ブルーベリーパウンドケーキにシナモンの効いたクランブルがのったアメリカンケーキ。男の子の胃袋をつかむという可愛い名前。

麻績村にあるお店。時間がずれましたが、美味しいカレーをいただくことができました。そして美味しいケーキと美味しいコーヒー。初訪問ですが少しばかりお話しをさせていただいて。そして軽やかに笑顔になりまして。とてもいい時間。いいお店です。訪れて良かったです。いつか暗い時間にも訪れてみたい。

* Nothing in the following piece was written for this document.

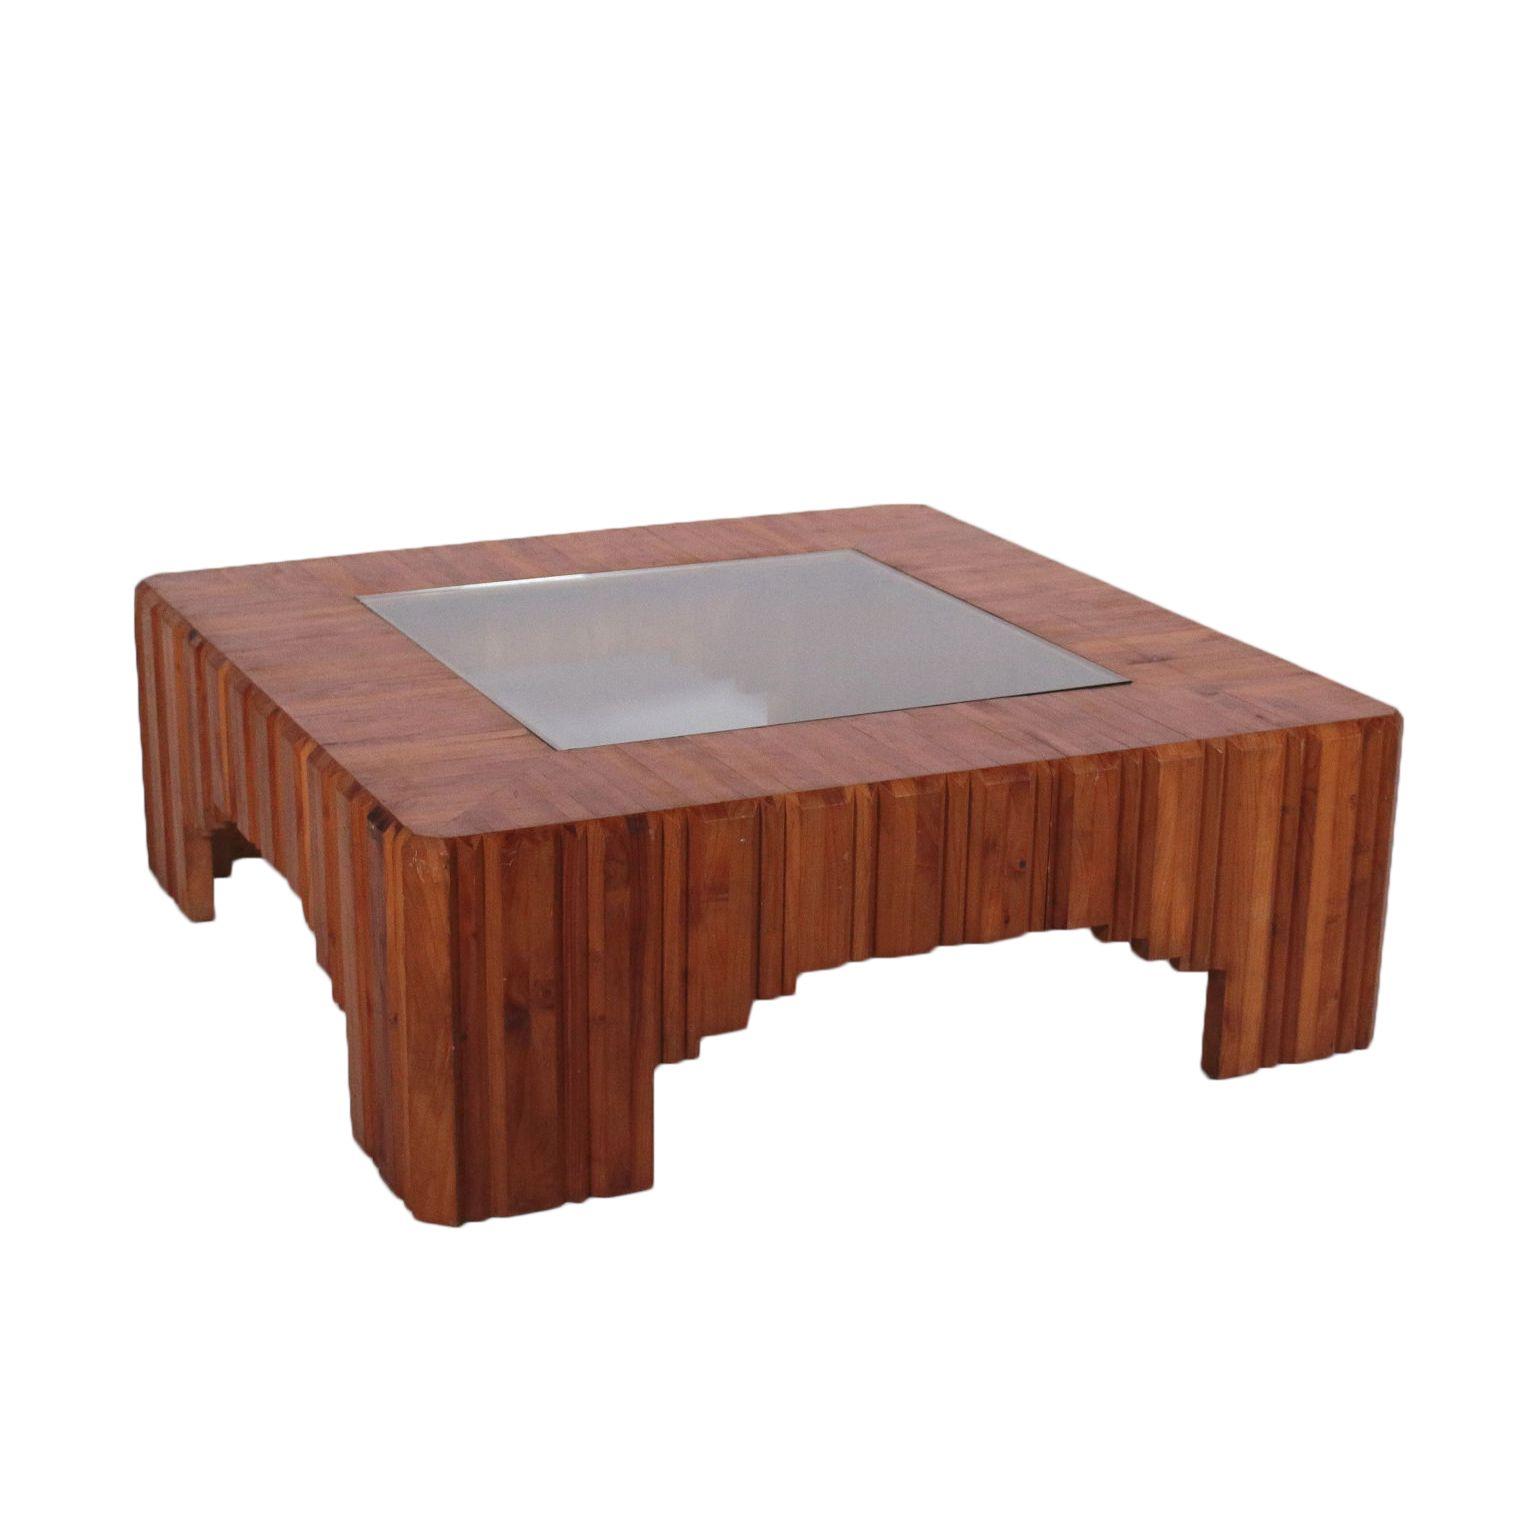 Tisch Kiefernholz Glas Italien 70er Jahre Table Bois Verre Bois Table Basse

「The Hijiri Hive」さん、住所に「麻」の文字が2つ。お店の名前に入る「HIVE」の意味は〔ミツバチの群れのように〕集まっている群衆、活動が活発な場所…。

「麻績宿」(善光寺街道)

「麻績」の地名は平安時代中期に作成された辞書『和名類聚抄』に記載されています。この地は古代より「おみ」と呼ばれ知られていました。麻を細かく裂いて撚り合わせて糸にすることを「うむ」といい、それを職とする人を「おみ」という。麻に関した人々がこの地に住んでいたものと思われます。麻績宿から次の稲荷山宿までは3里と距離があったため、旅籠は29軒と多く、活発に栄えていた宿場でした。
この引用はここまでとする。